Life in Thailand is a strange amalgamation of the modern and the ancient. You’ll see the fancy cars and motorbikes cruising the roads just like you’d find on the PCH in California. And then you’ll see motorized rickshaws. And then actual, bike, foot-pedal-powered rickshaws. They’re for tourists, and every time I see them I feel torn: I’d feel awful having someone cart our butts around like that, sweating in the heat, but then hey, he’s gotta’ make a living too, right?
And then, satellites bring us internet, but apparently Thais still haven’t figured out underground tunneling for power lines. There’s never a clear view of anything here for the piles of power lines cutting across and looping over and around everything.
(All of which I had planned to take photos of for you. Thought about it every day I did. But if I’m being honest…every day I got too lazy. Sorry, folks.)
Even in our own home, we find paradoxes.
We have a lovely, quality grinder for our coffee…
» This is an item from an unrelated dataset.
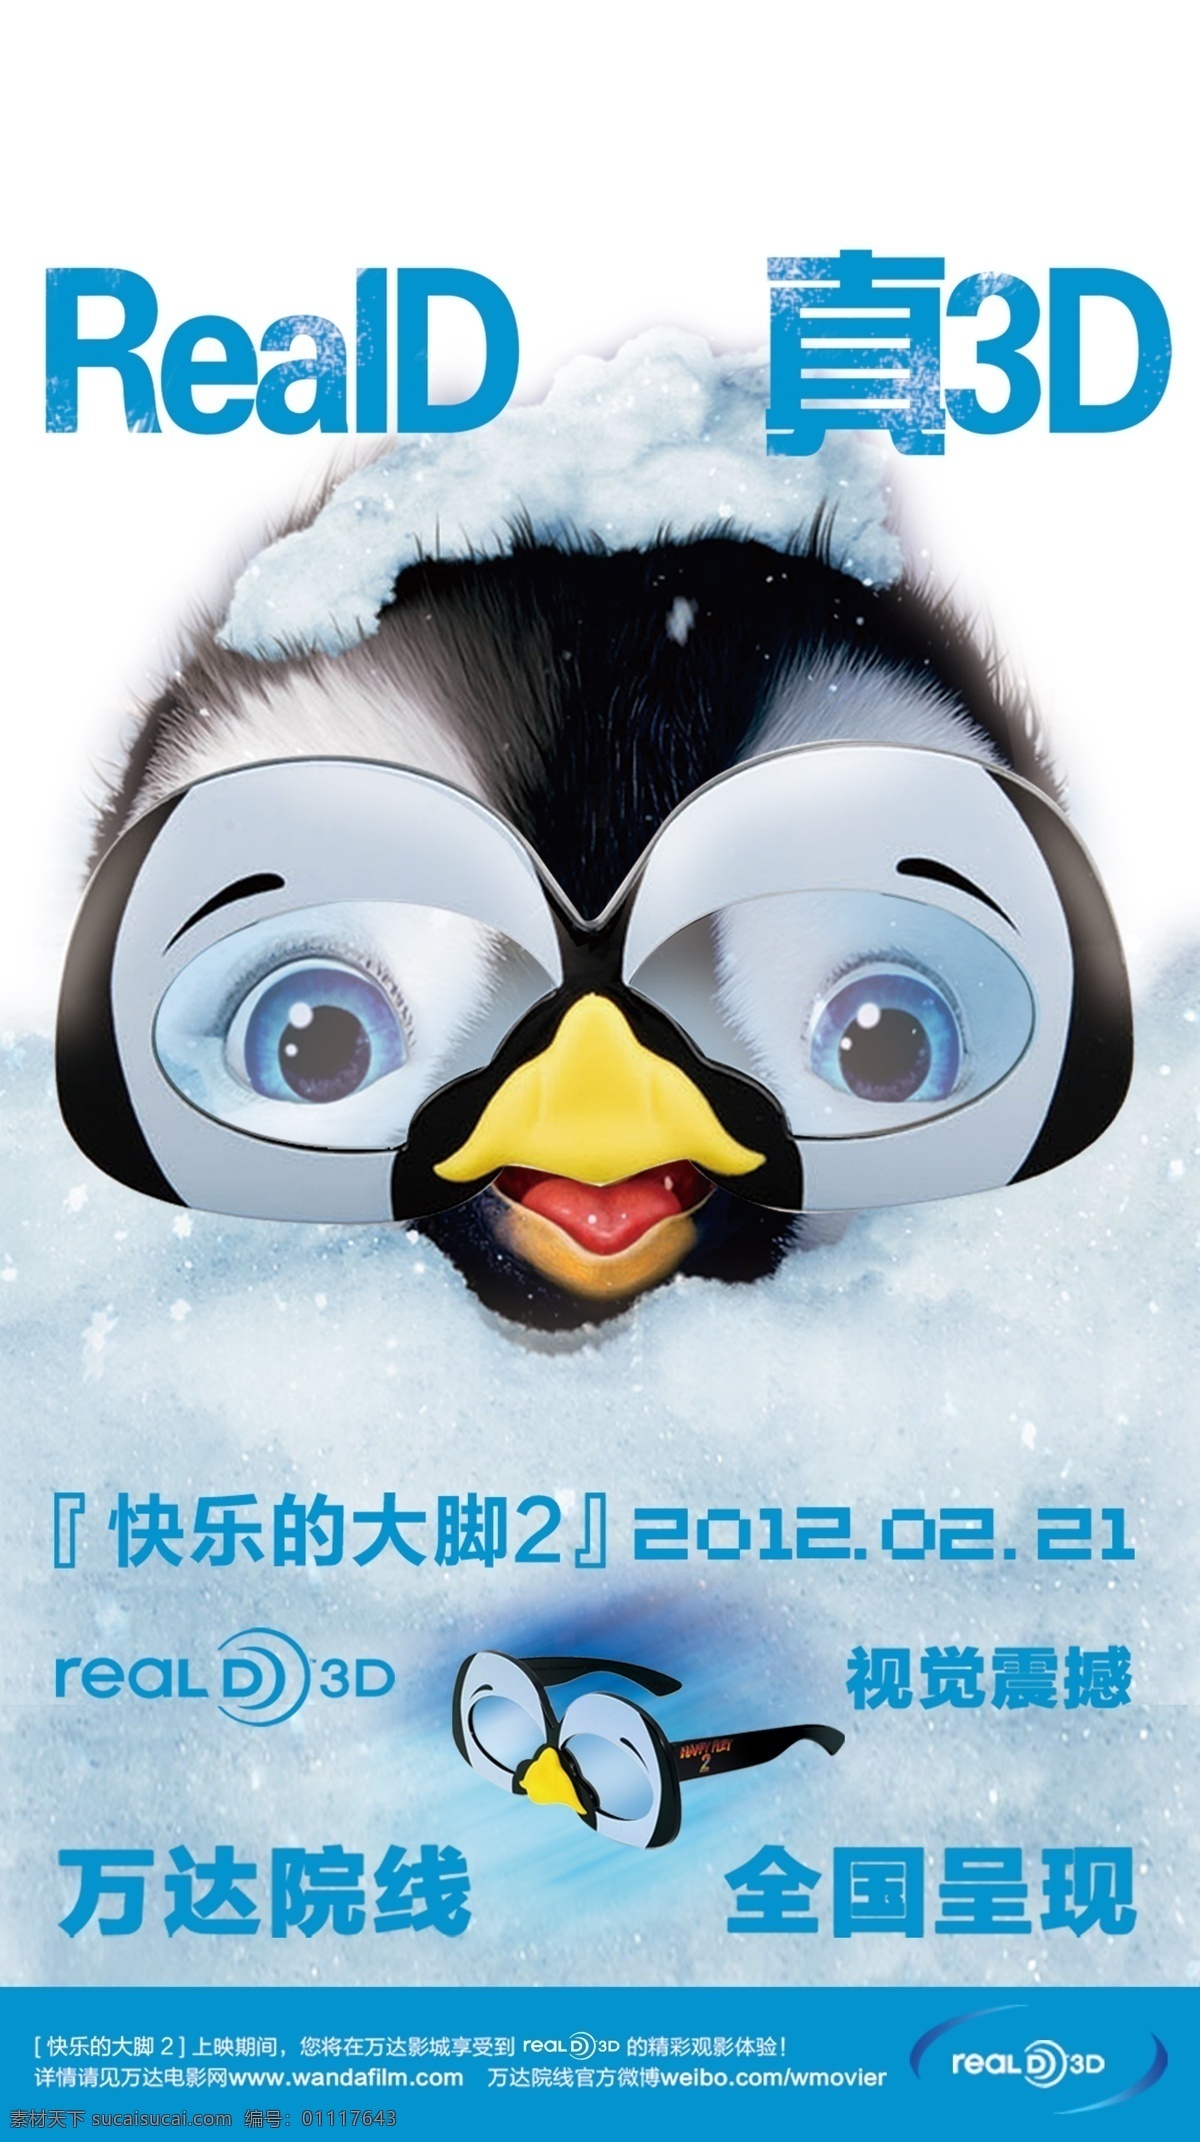 快乐 大脚 3d 海报 快乐的大脚 reald 真3d海报 真3d 眼睛 企鹅 广告设计模板 源文件 分层 红色
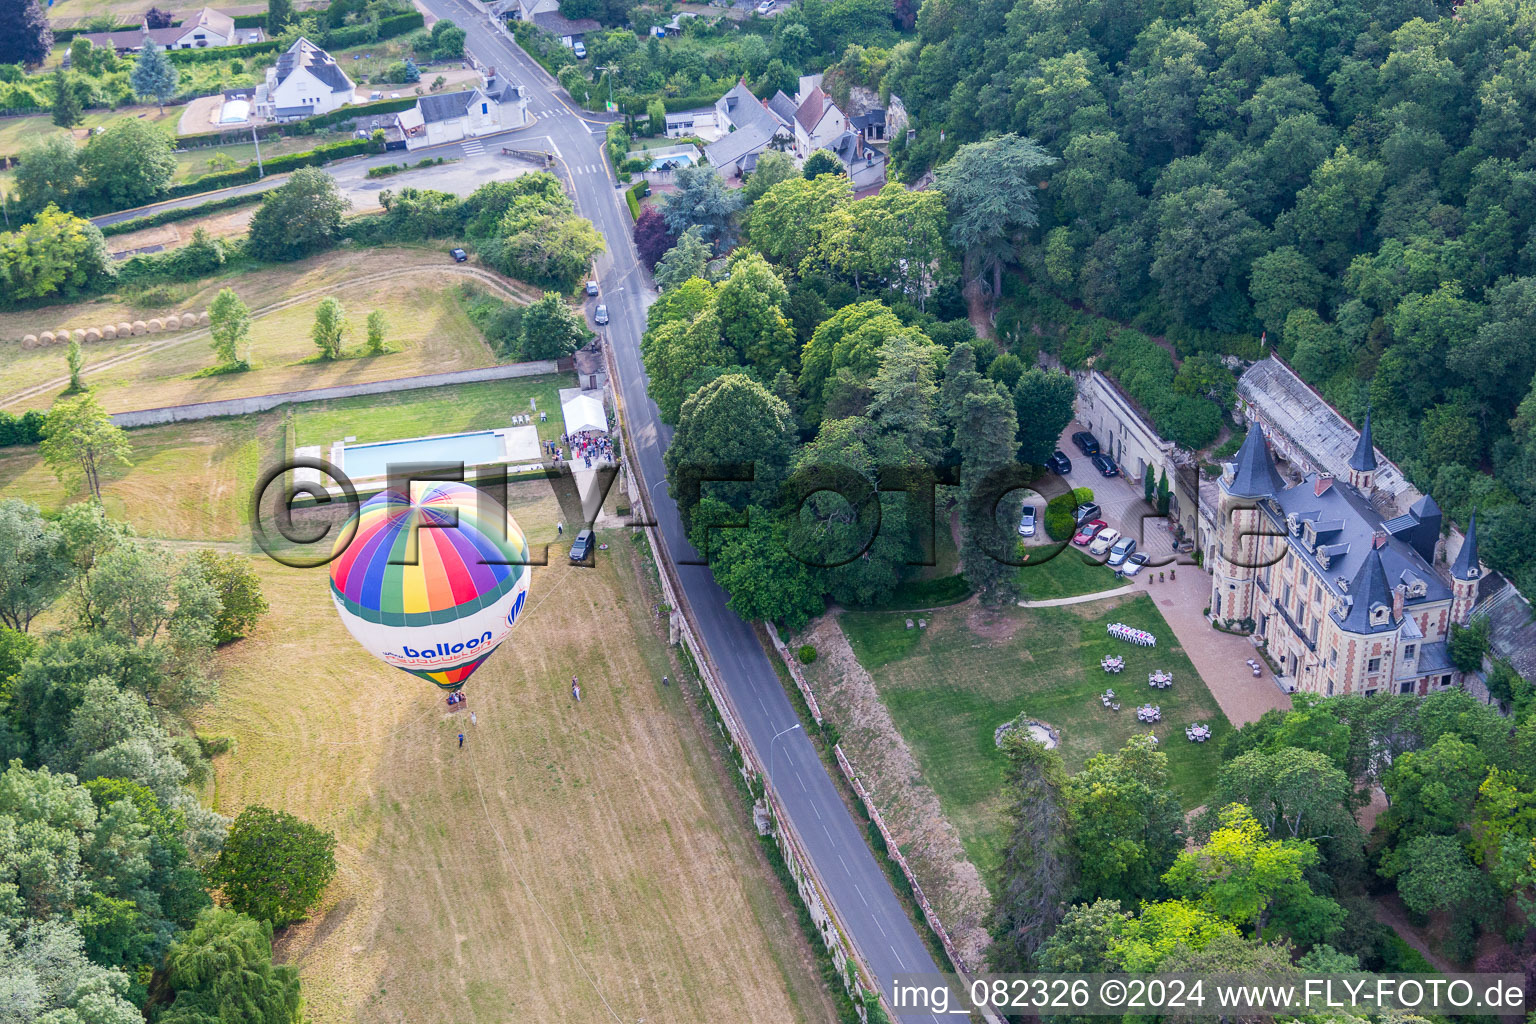 Vue aérienne de Décollage en montgolfière du Château de Perreux et déplacement au-dessus de l'espace aérien à Nazelles-Négron dans le département Indre et Loire, France

…but a power converter, which is available in just about every hardware store in the States, is nowhere to be found in Chiang Mai. And if you ask a coffee shop where you buy your beans if they can grind it for you, you get an espresso grind. Which does not work in a french press. So we use this:

A mortar and pestle. A technology as old as dirt.
We also have Macbooks, an iPhone, iPad, Kindle and modern conveniences…but still nothing quite beats a hammock with a good book.

The one thing that gets me, though, is with all our technology and advances in science, we still can’t find a quality combatant against mosquitos. And so we are stuck with moderately effective mosquito lotion and mostly ineffective mosquito coils.

That’s it, folks. 10,000 years of civilization and all we got to throw at the buggers is smoke and lotion.